Tonight was a classic case.
We had a dinner reservation. I got a text from my wife:
“Just finishing up.”
Now, when I say just finishing up, I mean: final sentence of the last email, laptop closing, keys in hand. I figured she’d be in an Uber in five minutes, ten tops. So I grabbed my stuff and started walking to the restaurant.
Ten minutes pass. Then fifteen. Still no sign of her. I text again:
“Should I grab the table?”
Another five minutes go by. Finally:
“Leaving now.”
I can feel the temperature rising inside me. Not anger exactly—more that specific flavor of internal agitation that comes when I feel like I’m being played, even though I’m not.
Why can’t she just say when she’s actually leaving?
Why does “finishing up” mean “still in the middle of something” and not “on my way” like it would if I said it?
But here’s the thing: she’s not wrong. She’s not being deceptive.
We just use the same words to mean very different things.
This happens all the time in our marriage. Tiny mismatches in definitions, expectations, timing. I say “let’s go in five,” and I mean five real minutes. She hears that as begin wrapping up mode. I interpret her text through my lens, then feel misled when she doesn’t conform to it.
It’s not malicious. It’s not even dysfunctional. It’s just… unsynchronized.
And yet, I keep setting the trap for myself. I receive the message, interpret it through my language model, and proceed like it’s a fixed contract. When reality diverges from my internal script, I get irritated—because in my head, someone’s broken the agreement.
Except there was no agreement. Just a story I told myself.

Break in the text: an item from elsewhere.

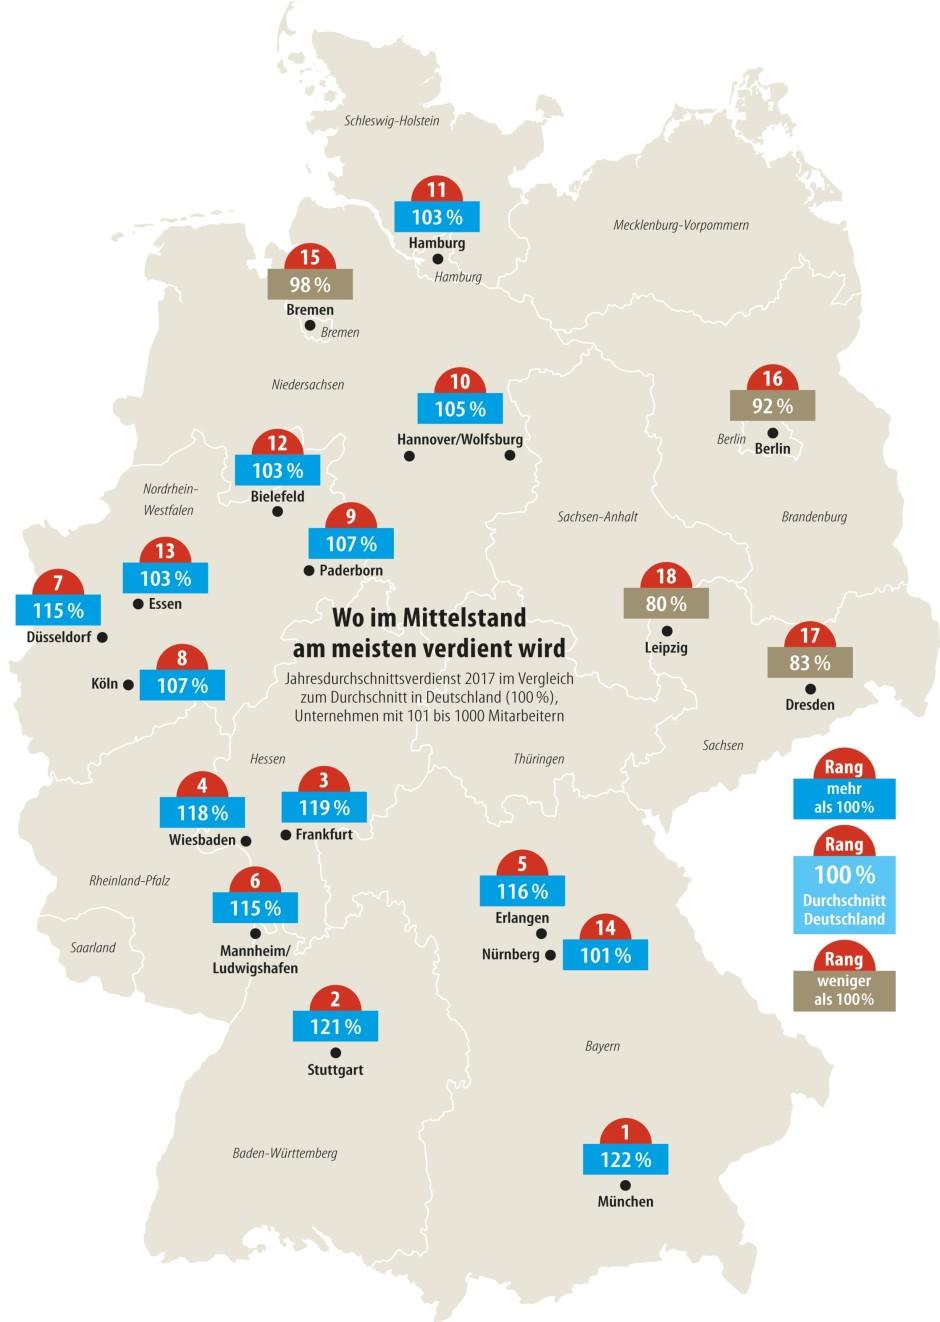 München Karte Deutschland.Bilderstrecke Zu Gehaltsatlas Wer Verdient Am Meisten Am Besten

This is the kind of small moment that doesn’t matter—and also completely does. Because it reveals something bigger:
I still expect the people closest to me to read my mind.
I get upset when they don’t follow the rules I never told them.
So what do I do with that?
Maybe I ask more clarifying questions.
Maybe I remind myself that a marriage is not a logistics company.
Or maybe the real work is what I had to do tonight, standing outside the restaurant, checking my phone like a nervous teenager.
I took a breath. Smiled. Reminded myself: this is a good person. My person. Someone I love—not a misbehaving app.
She showed up ten minutes later, smiling and apologetic. I wasn’t annoyed anymore. Not because the wait didn’t bother me—but because I let it be just that: a wait. Not a narrative. Not a fight.
Sometimes the long, hard way is just shutting up about the little thing, smiling when they arrive, and remembering they’re not trying to hurt you. They’re just being themselves.
And loving someone, really loving them, means choosing to let that be enough—even when it doesn’t align with your definition of “on time.”